21 August 2014
A new paper in Science reports on the successful use of genome editing to counteract the disease Duchenne muscular dystrophy in a mouse model.
The CRISPR/Cas9–mediated genome editing technique first published in 2013 was immediately hailed as a potentially highly valuable new tool for applications including gene therapy for disease.
Duchenne muscular dystrophy (DMD) is an inherited X-linked disease caused by mutations in the dystrophin (DMD) gene. The condition causes progressive muscle weakness and early death, and in most cases has no treatment, although the first therapeutic for use in patients with a nonsense DMD mutation received EU approval earlier this year.
Now US researchers have used the CRISPR technique on mdx mice with a germline mutation in the mouse dystrophin gene (Dmd), an effective mouse model of DMD. This resulted in mosaicism, animals having a variable degree of gene correction (successful introduction of and expression from the healthy version of the Dmd gene) in their cells, from 2-100%.

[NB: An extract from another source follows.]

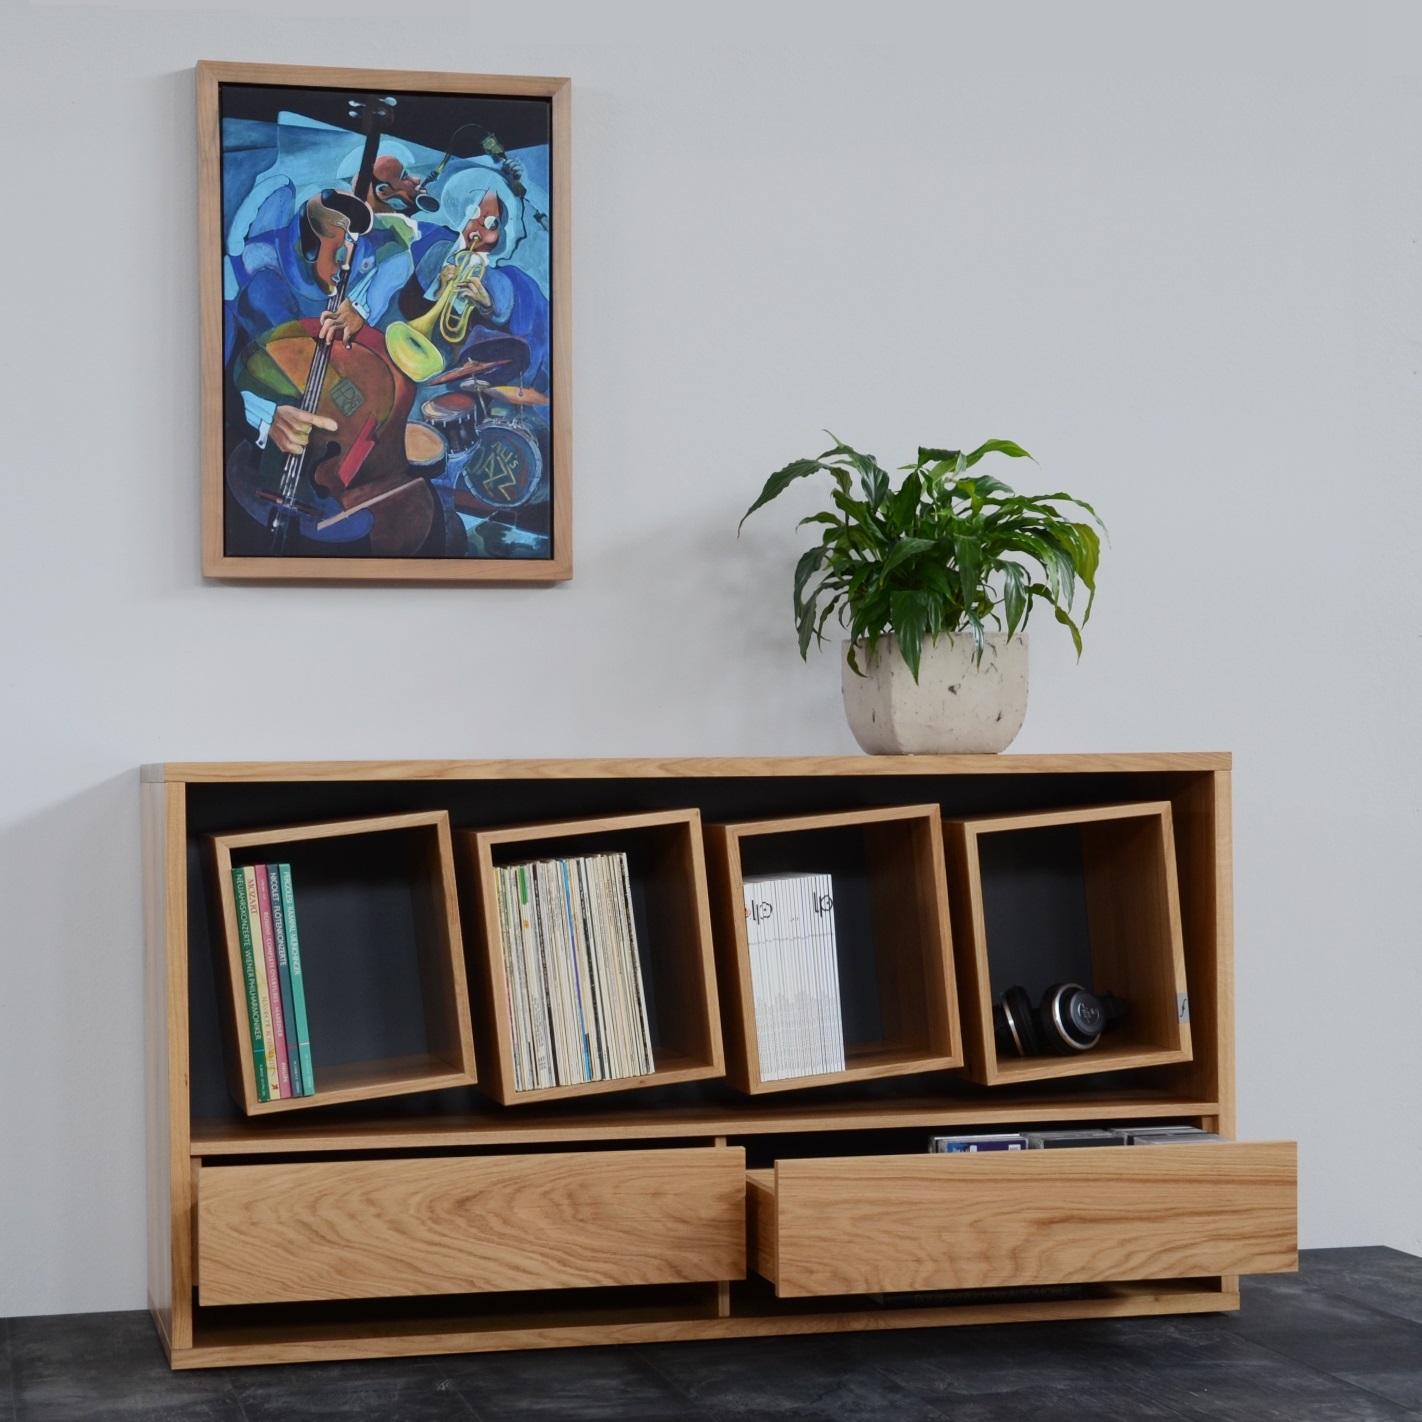 Regal Schallplatten | Wandregal Selber Bauen Einzigartig 39 Elegant ...

However, despite this variability the phenotypic rescue of the DMD phenotype in these mice was higher, i.e. despite having only very low correction of the dystrophin gene in some cells, the mice showed a greater than expected degree of protection from DMD symptoms. The speculate that this may be due to the recruitment of successfully corrected muscle cells to help create functional muscle fibres, and conclude that ‘this strategy may one day allow correction of disease-causing mutations in the muscle tissue of patients with DMD’.
The scientists note several caveats to their work, not least the obvious differences between mice and humans and the challenges of moving from germline to somatic cell gene editing. As with any form of gene therapy, effective delivery to the target muscle cells is also a barrier. However, as a proof-of-principle it is a promising sign for the clinical application of genome editing in the treatment of serious inherited diseases.